Maybe this could be solved by group analysis, lib1 and lib2 under a common root and putting the venv above all of the git repos, but that breaks if you add analysis2 which uses lib1 and lib3. Maybe that could be solved with enough symlinks or accepting two checkouts of lib1. In any case it seems backwards to me to organize your files / go through contortions to conform to a tool when just using a shared env (stored in a “neutral” location) avoids all of the complexity.

The second case is when you have some application / analysis software that has a (maybe complex) set of dependencies, maybe some source installs, maybe some normal installs from local checkouts from an un-published un-tagged repo. However you made it, iou know that the current venv works. If there is a single privileged in-tree venv, any attempt to update is inherently destructive. If your envs are always external then you can make a new one, try it, and if it does not work (and you do not want to spend the time to debug in now) switch back to the old one simply be switching which one you activate. Having access to both simultaneously can also be extremely useful for spot-checking that behavior is consistent.

At my job we actually do this with conda environments (I disagree with @brettcannon that conda envs and virtual envs should be thought of as different (despite the activate scripts feature) as they are both self-contained user-space environments). We support ~25 beamlines which can (very roughly) thought of as unique applications built on the same base libraries. A few times a quarter we build and test an environment and then make it available (read-only) on all of the machines. To upgrade to the new libraries the beamline staff simply activate the newer environment. If things go wrong (typically at 3am in the morning) they can trivially go back to what worked before and we can sort out what is wrong under less time pressure^[1]. I do not think we could reliable run our facility using in-tree environments.

I completely agree and understand that there are some use cases where in-tree makes lots of sense (and see why for the two projects Brett is working on in-tree is the best case!). However my point is that there are valid use cases that are either much simpler to conceptualize as an external env or greatly benefit from multiple envs being available simultaneously.

If pypa had the same relationship to core CPython that the conda ecosystem (or any of the linux package managers or brew or …) has then alienating half the community would probably be OK.

I am eliding a bunch of site-specific details about “cycles” vs quarters, our use of conda-pack, and a bunch of helper scripts, but this is the gist of the story. ↩︎

pf_moore · January 19, 2023, 8:03am

I have a lot of sympathy for this use case, as it is similar to one I have encountered myself.
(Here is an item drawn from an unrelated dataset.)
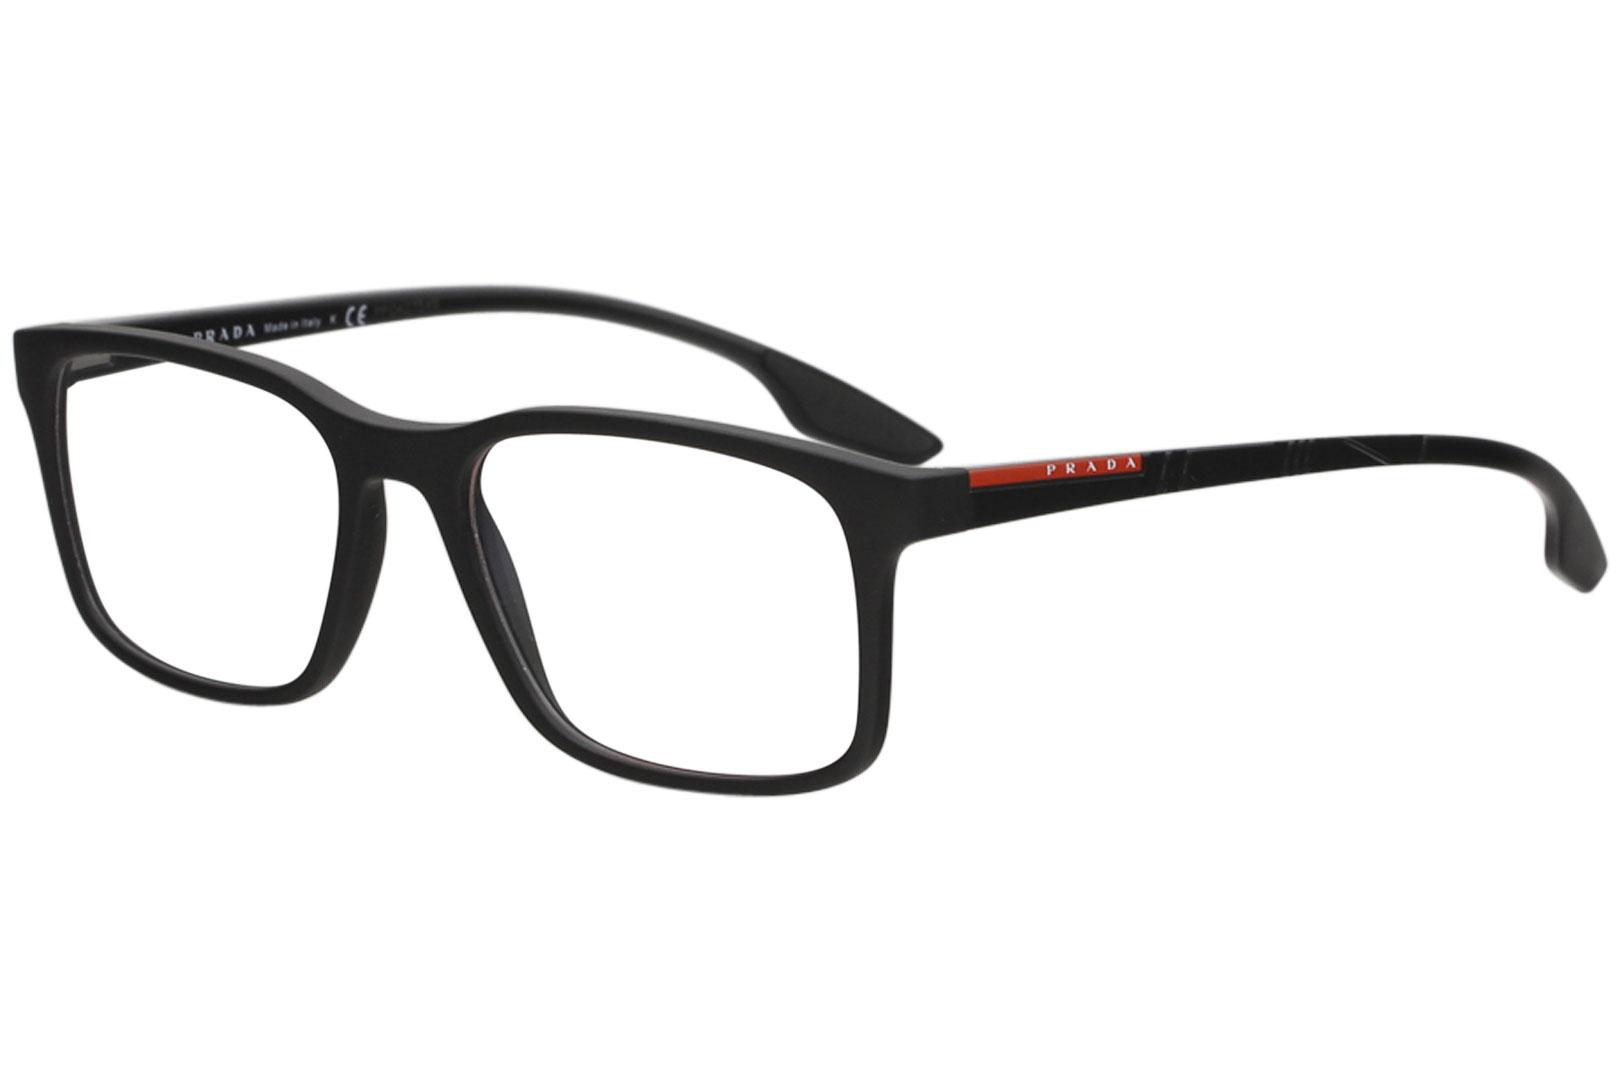 a43dff240b Prada Linea Rossa Eyeglasses VPS01L VPS 01L 1BO 1O1 Mt Black Optical ...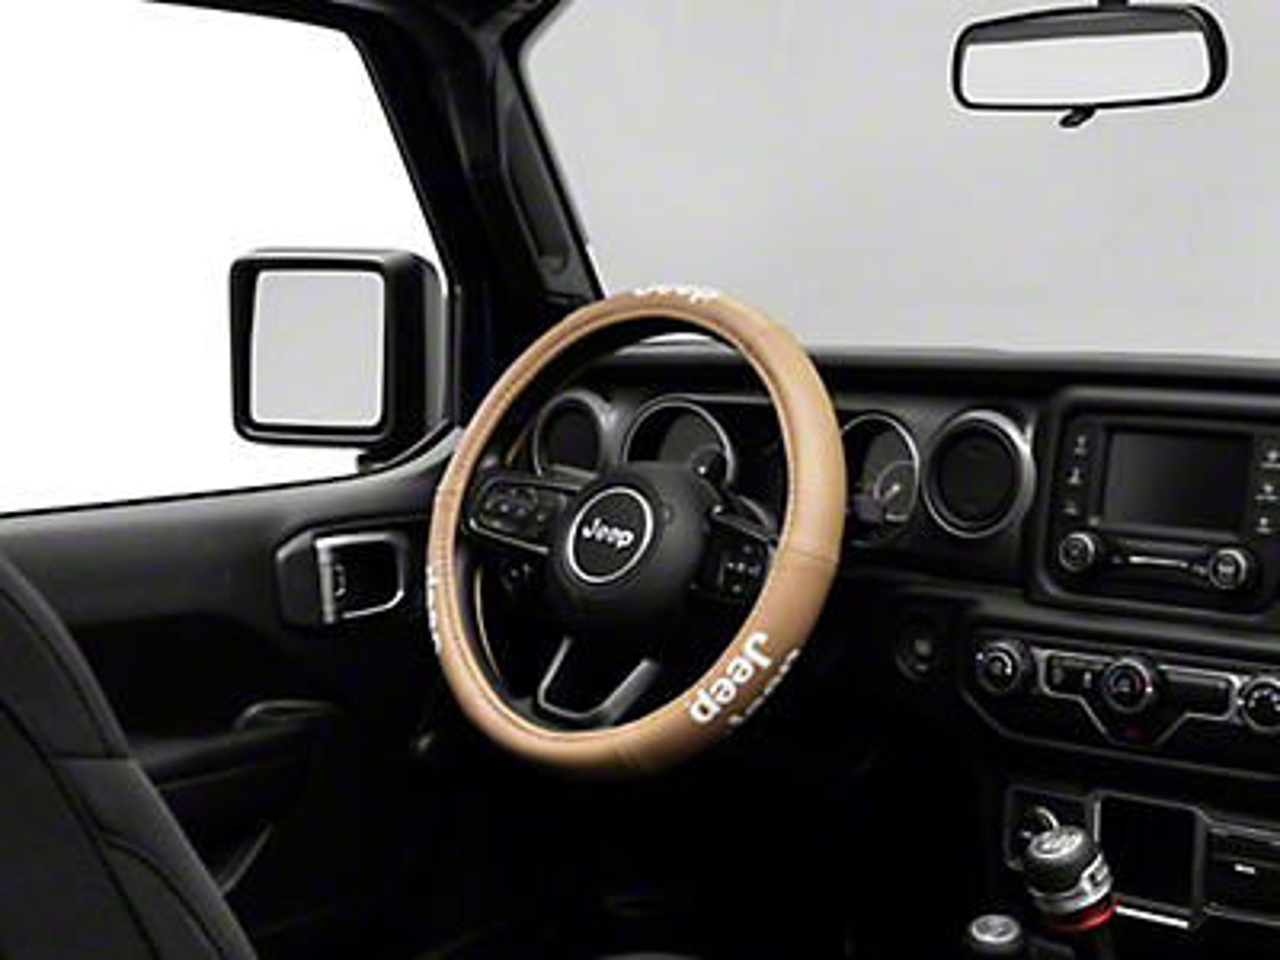 Alterum Jeep Logo Elite Series Speed Grip Steering Wheel Cover - Tan (87-18 Jeep Wrangler YJ, TJ, JK & JL)

For me, the biggest problem with shared venvs is discoverability - coming back to a project after a long time, how do I find out what the appropriate venv is? And as a related point, when I archive or delete a project, how do I ensure that any related venvs get deleted, so I don’t end up with obsolete environments hanging round? And worst case (which happens to me a lot!) when I do inevitably delete a project and forget to delete the environment, how do I identify “orphaned” environments?

The .venv file approach solves the first two of these (although it’s too easy to run del -rec without checking for a .venv file, so increasing the risk of orphans) but as far as I can see the orphan environment issue remains unsolved.

h-vetinari · January 19, 2023, 8:40am

This discussion is now unfortunately happening in two places, but @jack1142 brought up a good point in the other thread, which is that you could have .venv symlink to an environment in a (user-)global location.

If we always did that, this would solve both @tacaswell’s point (because the env is shared), and the discoverability point of @pf_moore.

The wrench in the works is of course that symlinks are not enabled on windows by default (but can be enabled if you have admin access). For such cases, we could presumably replace .venv with a short log/script that says: “actually, your venv is here”.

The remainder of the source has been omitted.